В больнице задержались они разве чуть поболее часа. И когда ехали туда, ничего такого не примечал Мирон. Люди кучками на улицах табунятся — встревоженные какие-то, недовольные, торопятся все куда-то, хотя идут в разные стороны. Кое-где возле заборов толпами стоят, на листках что-то читают.

Не выдержал Мирон, подвернул поближе, спросил у молодого мужика:

— Скажи, добрый человек, чегой-та тама?

— Чаво, чаво, — как с цепи сорвавшись, обозлился почему-то мужик. — Телеграмма экстренная — вот чаво!

— А про что в ей сказано?

— Про войну. Война объявлена!

— Да с кем же война-то? — вдогонку спросил Мирон.

— С германцем, дяденька, с германцем, — ответил ему уже другой человек, по виду студент.

Мирон подергал зачем-то свою лопатистую бороду, крякнул, будто залпом выпил стакан горькой, и тронул Ветерка.

Не хотел он тревожить Степку быстрой ездой — пусть бы отдохнул после стольких мук. Да и день-то все равно пропал. Куда теперь спешить? Но совсем не заметил он, как в полную силу разошелся Ветерок, и пошевеливал его вожжой. Василий-то едва успел родной порог переступить, и снова котомку ему увязывать. И не на службу пойдет — на войну! Оттуда не все возвращаются. А там, гляди, так и Митьку заберут. Макару туда же дорога.

Еще с бугра, как только показался хутор, увидел Мирон большую толпу на площадке между Прошечкиным амбаром и его домом. Скоро донесся оттуда бабий вой, крики. Тут уж не нужны были ему объяснения, что происходит. Без слов яснее ясного.

Проснулся в ходке Степка и, поднявшись на сиденье, увидел народ, расслышал душераздирающие бабьи крики.

— Эт чего ж там такое, тятя? — тревожно спросил Степка. — Уж не помер ли кто?

— Пока, знать, никто не помер, сынок, — горько морща переносицу, ответил Мирон, — а хуже того — война. Многие оттоль не воротются либо калеками придут.

Они уже съезжали на плотину, и Степка, тараща глаза на происходящее, никак не мог взять в толк: какая война? откуда отец, еще не подъехав и не спросив никого, уже знает, что там случилось?
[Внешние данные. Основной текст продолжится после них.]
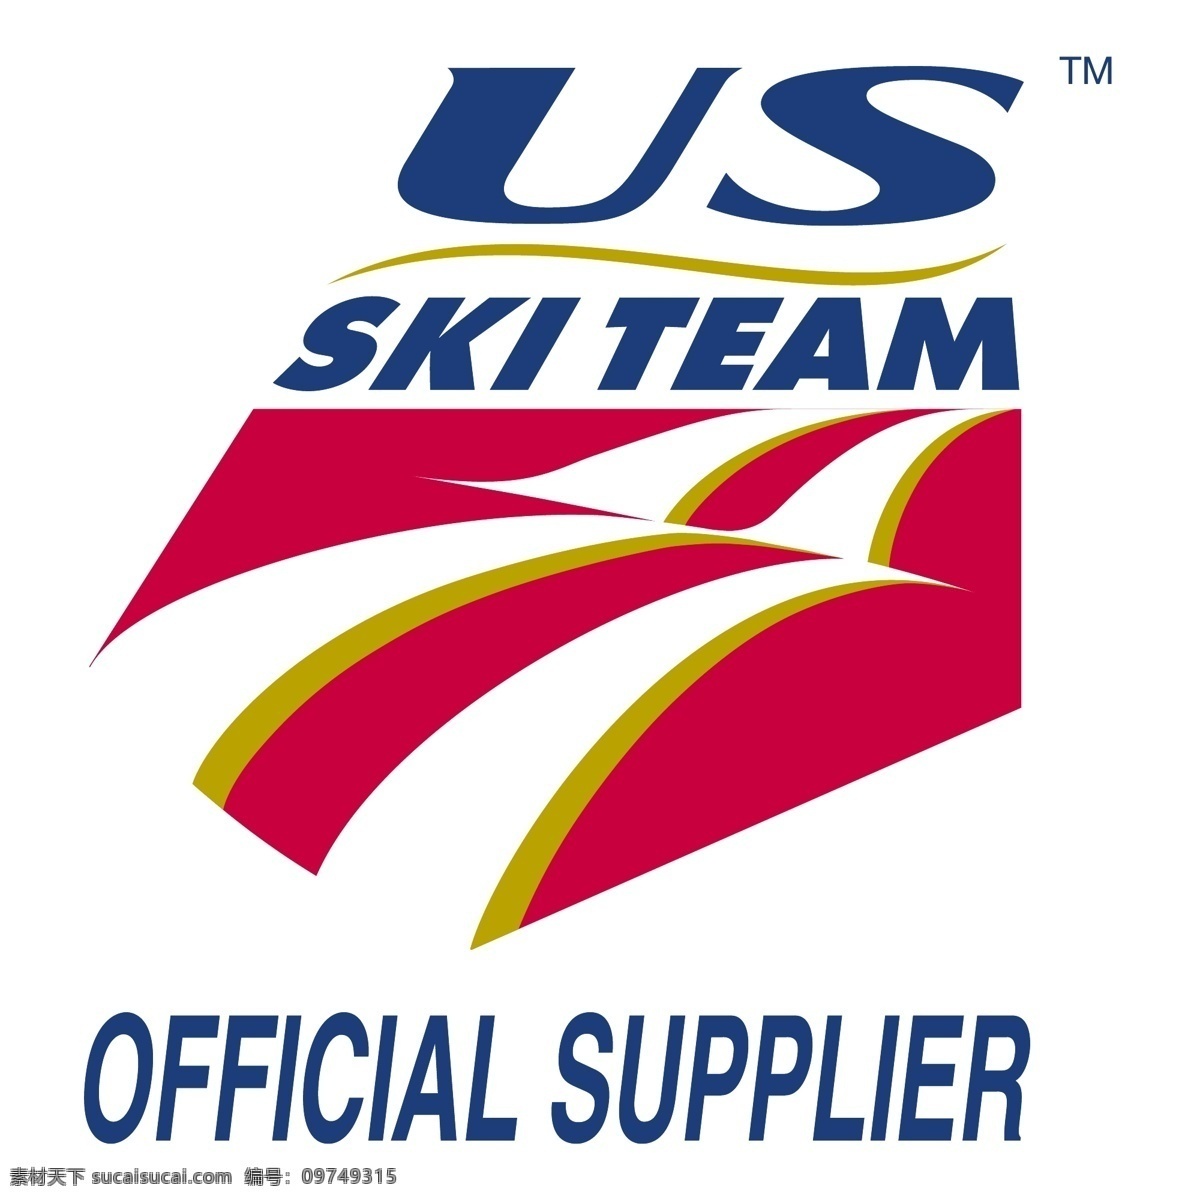 美国 滑雪 队 官方 供应商 我们的团队 滑雪队 队官方 官方供应商 矢量 美国滑雪队 向量 我们 我们滑雪 矢量滑雪队 矢量图 建筑家居
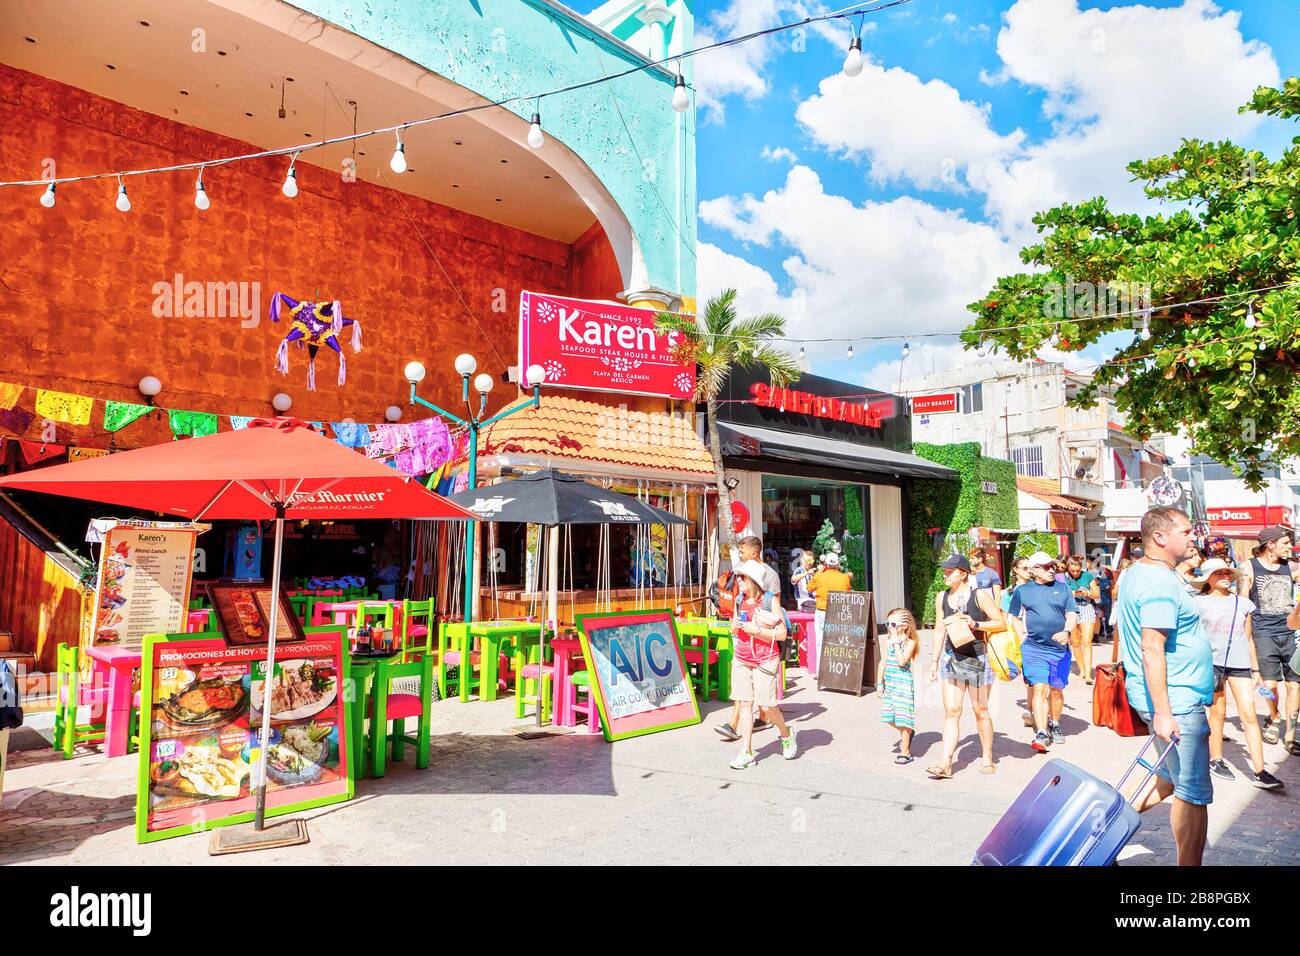 PLAYA DEL CARMEN, MEXIKO - DEC. 26, 2019: Die Besucher können an der berühmten 5th Avenue im Vergnügungsviertel Playa del Carmen in der Yucata einkaufen Stockfoto

Василий, еще издали увидев подъезжающих Мирона и Степку, было направился к ним, но его перехватила бабка Пигаска. Решительно став на его пути и тряся почерневшим костлявым кулачком, она застрекотала:

— Ну, Васька, вражина ты эдакий, видишь, чего ты наделал-то?

— И чего ж я наделал?

— Ишь ведь, не знает он! А кто мертвяка некрещеного в хутор приволок? Кто? Вихор тебя подыми! Аль не сказывала я тебе, что войну ты ентим нехристем накличешь?

— Побойся бога да себя побереги, баушка! — почернел от негодования Василий. — А то, не ровен час, под руку попадешь ты, да и хизнешь, на войне не побывав. — Он отодвинул ее рукой с пути и, подходя к своим, спросил:

— Ну, жив, что ль, Степка-то?

— Да Степка-то жив и здоров. Отоспался за дорогу… А твои дела как? — с тревогой спросил Мирон.

— Пошли дела на лад, и сам делам не рад, — невесело усмехнулся Василий.

— Уж выкликнули, что ль, тебя? — допытывался Мирон.

— А то как же. Котомку опять сбирать да завтра в городу на сборном быть.

— А еще кого?

— Гришку Шлыкова, Дороню Гребенкова, сватов Проказиных Егора и Гордея… Да всех-то перечтешь, что ль. Видишь, чего тута творится…

— Да-а-а, — как-то навзрыд вздохнул Мирон. — Гордей-то у свата вслед за тобой на службу пошел и воротился чуток пораньше, а недолго же дома погостил… Ну, пойдем, что ль, домой. Чего толкаться возля чужого горя — свого хоть отбавляй!.. А Макара-то нашего, не слыхал, не тронули поколь?

— Да будто бы не выкликали, не слыхал я…

С ревом, с причитаниями рассыпалась и таяла толпа. От Лишучихи одну за другой растаскивали белоголовые четверти с водкой. А поближе к вечеру застонал хутор пьяными голосами, прощальными песнями. Вино лилось рекой, а еще более полноводной рекой лились горькие бабьи слезы. Кому-то понадобилась эта война, кто-то где-то с кем-то не поладил, чего-то не поделил. Никому ни из баб, ни из мужиков это неведомо, только все доподлинно знают, что платить за все придется мужикам — кровью, ранами и жизнями своими. Хлебнут и бабы, и ребятишки горя через край, оставшись без кормильцев, без работников.

Часам к восьми мгновенно почернело небо, и хлынул буревой ливень, с грозой. Народ под крышами попрятался. И хутор, прополаскиваемый ливневым дождем, содрогаясь от частых и грозных раскатов грома, притих, съежился вроде бы под ударами необузданной стихии.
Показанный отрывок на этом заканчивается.